Tax Deductions to Apply This Year

We know taxes suck – and if you haven’t learned how to remove your income tax liability yet (or still owe taxes from past years) you’re probably looking for the best ways to keep those taxes as LOW AS POSSIBLE this year. 

We’re here to help!

Today we’re going to give you over 14 tax deductions you might be eligible to claim this season…

1. Child Tax Credit
The CTC (Child Tax Credit) is worth a maximum of $2,000 per qualifying child. Up to $1,400 is refundable. To be eligible for the CTC, you must have earned more than $2,500.

Eligible dependents include:

  • Child
  • Stepchild
  • Foster child
  • Sibling
  • Step-sibling
  • Half-sibling
  • Grandchild
  • Niece/nephew
  • Adopted child

However, if you received advance payments for the child tax credit this year, you won’t be able to claim the full deduction at tax time.

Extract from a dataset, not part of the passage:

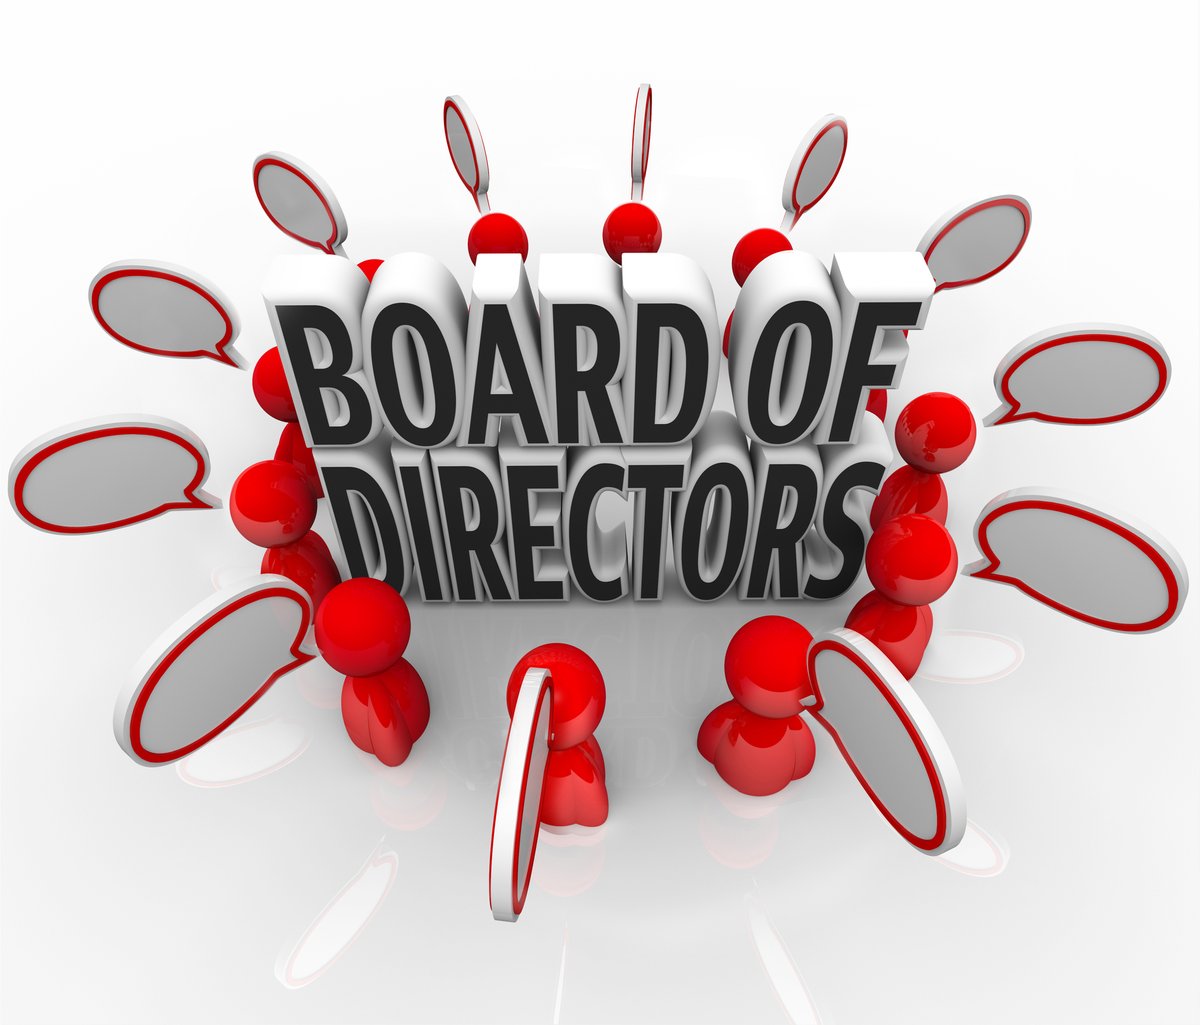 NANETS Board of Directors Nominations process closes on 5/10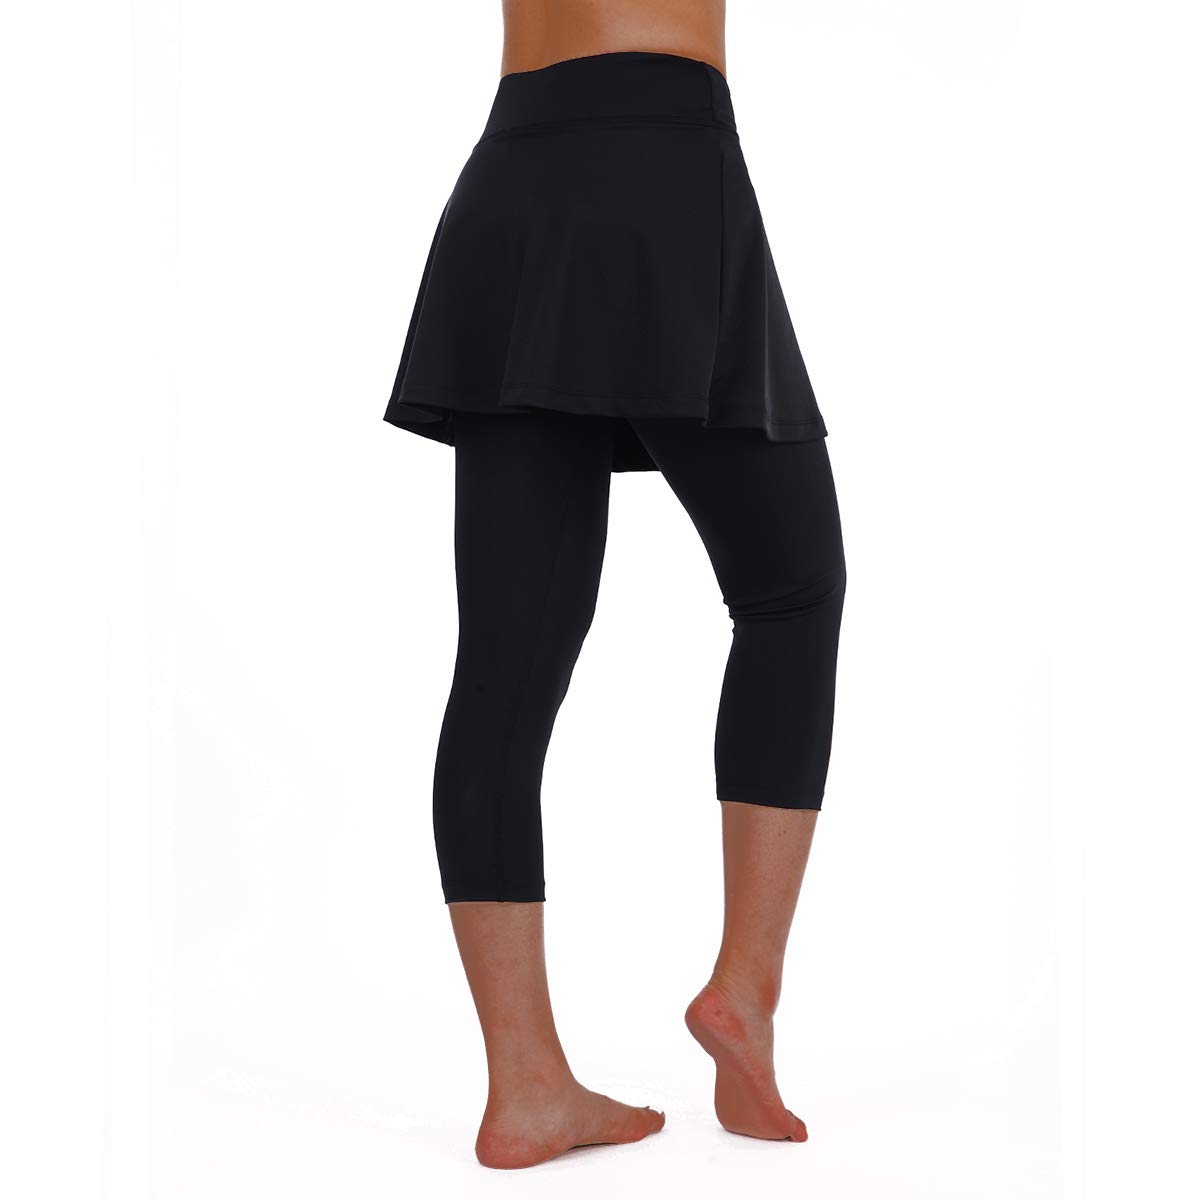 Buy ANIVIVO Skirted Yoga Legging for Women,Skirted Capri Tennis Leggings  Pants&Tennis Clothing Legging with Skirts(Black-Legnth,XS) at Amazon.in

3. Lifetime Learning Credit
The lifetime learning credit, or LLC tax deduction, applies to higher education candidates. To claim it, you, your spouse or a dependent must also be footing the bill for qualifying higher education costs.

4. American Opportunity Tax Credit
The American opportunity tax credit, or AOTC tax deduction, is exclusively for first-time college students for their first four years of college or other higher education, which makes it different from the LLC (above). If you’re pursuing a degree and also haven’t had a felony drug conviction, you could qualify if you meet income thresholds.

The American opportunity tax credit (AOTC) is also a credit for qualified education expenses paid for an eligible student for the first four years of higher education. As well as, you can get a maximum annual credit of $2,500 per eligible student. If the credit brings the amount of tax you owe to zero, you can also have 40 percent of any remaining amount of the credit (up to $1,000) refunded to you.

5. Child and Dependent Care Credit
If you care for a child or another dependent in your household, you may be able to receive a tax deduction or refund for your child care-related expenses. The total expenses that you may use to calculate the credit may not be more than $3,000 (for one qualifying individual) or $6,000 (for two or more qualifying individuals).

6. Saver’s Credit
If you make contributions to an individual retirement account or employer-sponsored retirement plan, such as a 401(k), you may qualify for the saver’s credit. You must be at least 18 years of age, you can’t be a full-time student and no one else can claim you as a dependent on their tax return. Also, depending on your adjusted gross income reported on your Form 1040 series return, the amount of the credit is 50%, 20% or 10% of:

  • contributions you make to a traditional or also a Roth IRA,
  • elective salary deferral contributions to a 401(k), 403(b), governmental 457(b), SARSEP, or SIMPLE plan,
  • voluntary after-tax employee contributions made to a qualified retirement plan (including the federal Thrift Savings Plan) or 403(b) plan,
  • contributions to a 501(c)(18)(D) plan, or
  • contributions also made to an ABLE account for which you are the designated beneficiary.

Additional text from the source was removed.